Evolution du concept de Trinité

La première conception de la Trinité, dans l'Eglise, est messianique. Jésus est, avant tout, le médiateur entre le Père et l'humanité. Il est un prophète que Dieu choisit comme Fils au moment de son baptême. Les apôtres et les pères soulignent surtout la réalisation du plan de Dieu. Les questions de nature ne sont pas abordées. Cette conception est liée au judaïsme.

La pensée grecque développe la divinité du Christ. Elle utilise la notion de Logos qui, dans la philosophie grecque, est la raison de Zeus qui anime le monde. A la suite de Philon (philosophe juif d'Alexandrie de 13 à 54 ap. J-C), les apologistes chrétiens font du Logos un être intermédiaire entre Dieu et sa création et l'assimilent au Fils. Le logos existe de toute éternité dans, ou auprès (selon Justin) du Père ; puis est proféré par le Père pour qu'il participe à la création. Cette théologie du Logos a tendance à faire du Fils un être distinct et subordonné au Père. Certains n'acceptent pas cette théologie trop grecque et dithéiste (deux dieux).

La controverse trinitaire va se jouer entre partisans et adversaires de la théologie du Logos.

 

 

Le monarchianisme

 

Il a pour but la défense de l'unicité et de l'unité de Dieu

Comment concilier le monothéisme et la divinité du Christ Fils de Dieu ? Les monarchiens sont opposés à la doctrine du Logos.

 

Le monarchianisme dynamique

Vers 190, Théodote enseigne à Rome que Jésus n'est qu'un simple homme sur lequel l'Esprit est descendu au moment de son baptême. C'est une reprise de l'ancien adoptianisme. L'unicité et l'unité de Dieu sont conservées, mais on ne peut parler de préexistence du Christ, ni de l'identité de nature entre le Père et le Fils. Théodote est excommunié par le pape Victor.

 

Le monarchianisme modaliste

  • Noët de Smyrne (fin du 2ème siècle)
    Il enseignait que le Christ s'identifie au Père. Le Père s'est présenté en tant que Fils, il s'est fait homme, il a souffert, il s'est ressuscité lui-même. Il s'appuie sur Jean 10, 30 ; 14, 9 et Romains 9, 5. Sa doctrine est condamnée par les prêtres de Smyrne, mais elle se répand par ses disciples.
  • Sabellius (début du 3ème siècle)
    Il élargit la doctrine de Noët en y incluant le Saint-Esprit. Le Père, le Fils et le Saint-Esprit sont trois modes des manifestations d'un seul et unique Dieu. D'où le terme modalisme pour parler de cette doctrine aussi appelée sabellianisme. Sabellius est condamné par le pape Calixte en 217 ; mais le sabellianisme se répand en Afrique du nord.

 

 

Les partisans de la théologie du Logos

 

Tertullien (vers 160 - vers 220)

Il est l'auteur de formules qui seront intégrées au dogme :

  • Le mot Trinité : une seule divinité en trois
  • Il est le premier à appliquer le terme persona à la Trinité. Ce terme reprend le grec prosopon qui désigne le masque de théâtre. Les personnes de la trinité sont donc des interlocuteurs constamment en échange.

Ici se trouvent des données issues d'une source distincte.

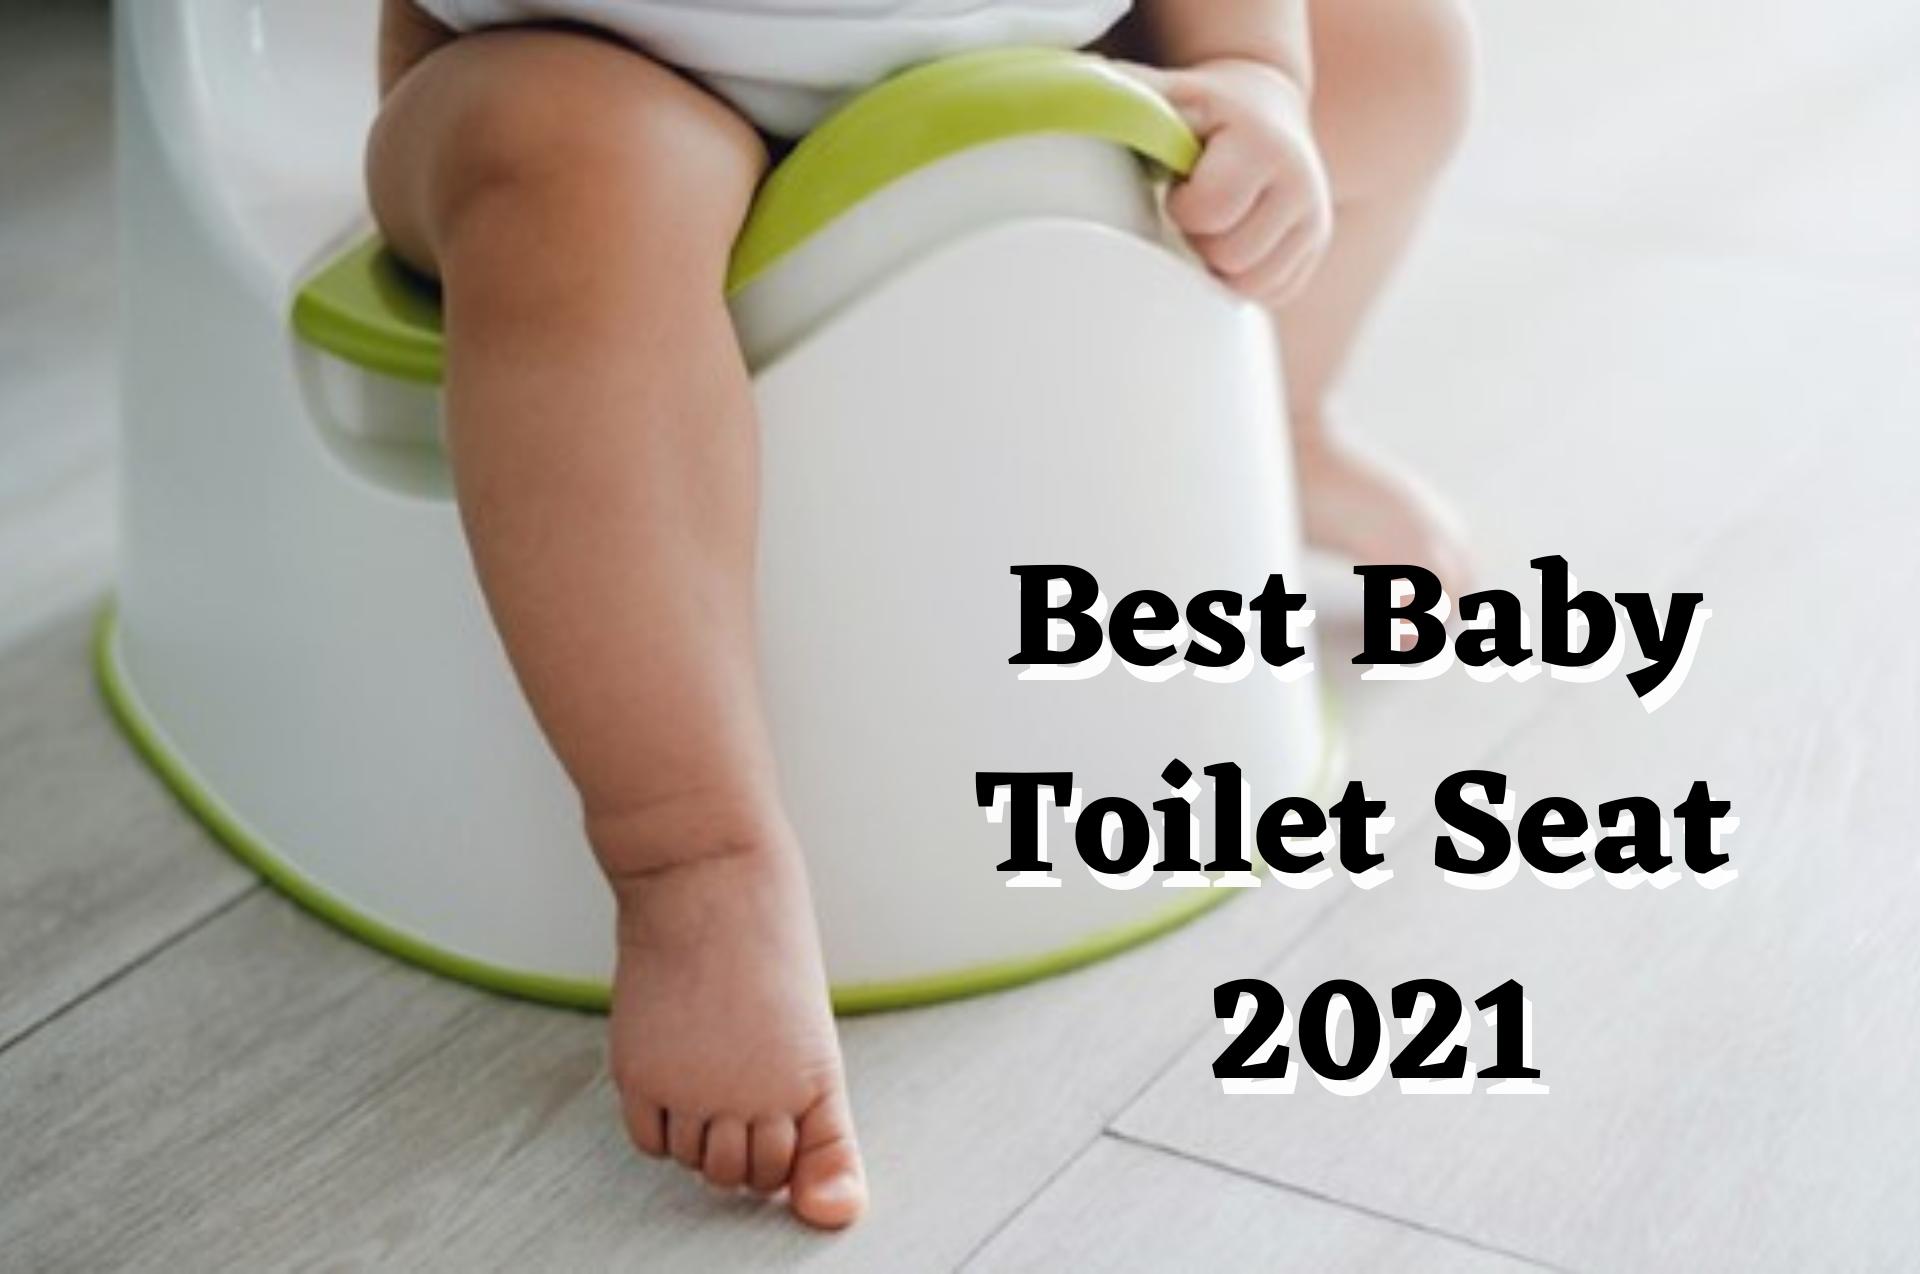 Best Baby Toilet Seat 2021

Il parle de 3 d'une seule substance, d'une seule condition et d'une seule puissance. Cependant Tertullien a tendance à subordonner le Fils au Père. C'est en ce sens qu'il est lié à la théologie du Logos.

 

Origène (185-253)

Pour lui, le Père, le Fils et l'Esprit sont trois personnes distinctes, mais d'une seule substance. Seul le Père est Dieu en lui-même. Le Fils est éternellement engendré du Père, il est l'image inférieure du Père.

 

 

Les confrontations entre monarchiens et subordinatianistes

 

Denys de Rome (259-268) et Denys d'Alexandrie (248-264)

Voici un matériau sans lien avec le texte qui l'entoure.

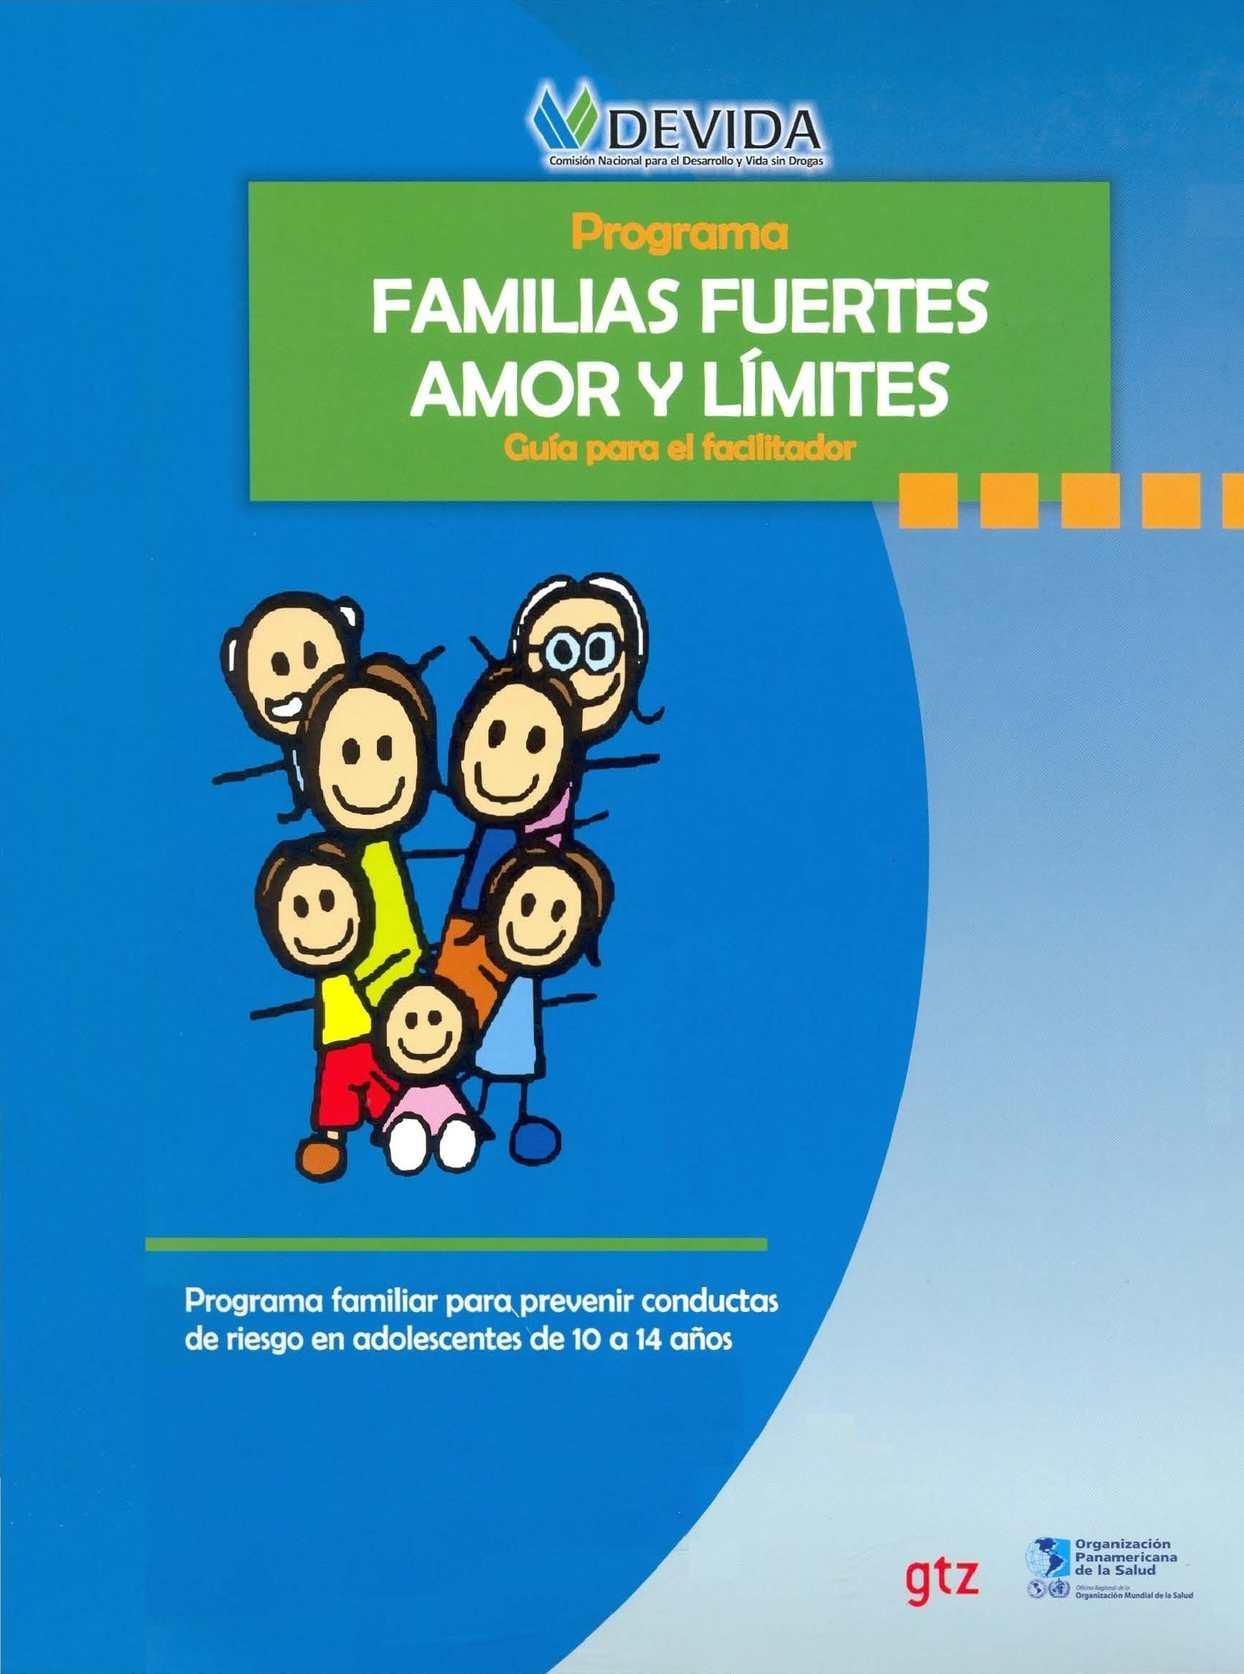 Familias fuertes ppt to pdf

En 257, les chrétiens de Libye sont partagés sur la question sabellienne. Denys d'Alexandrie prend part au débat où il expose une position encore plus subordinatianiste que son maître Origène.

En 260, Denys de Rome condamne le sabellianisme et la position de Denys d'Alexandrie. Celui-ci répond en rejetant le terme consubstantiel mais en parlant d'unité d'essence entre le Père et le Fils. Les deux évêques s'accordent finalement pour rejeter tout extrémisme.

 

Paul de Samosate (260-272) et Lucien d'Antioche

Evêque d'Antioche en 260, Paul de Samosate est un monarchien proche de l'adoptianisme, mais il tient compte de la théologie du Logos. Pour lui, le Logos n'est pas une personne, mais une faculté de Dieu. Le Logos n'est pas le Fils. Le Fils de Dieu c'est Jésus-homme. Jésus est un simple homme dans lequel le Logos a établi sa demeure comme dans un temple. Lucien, disciple d'Origène et nettement subordinatianiste, s'oppose à Paul, mais il est excommunié par Paul.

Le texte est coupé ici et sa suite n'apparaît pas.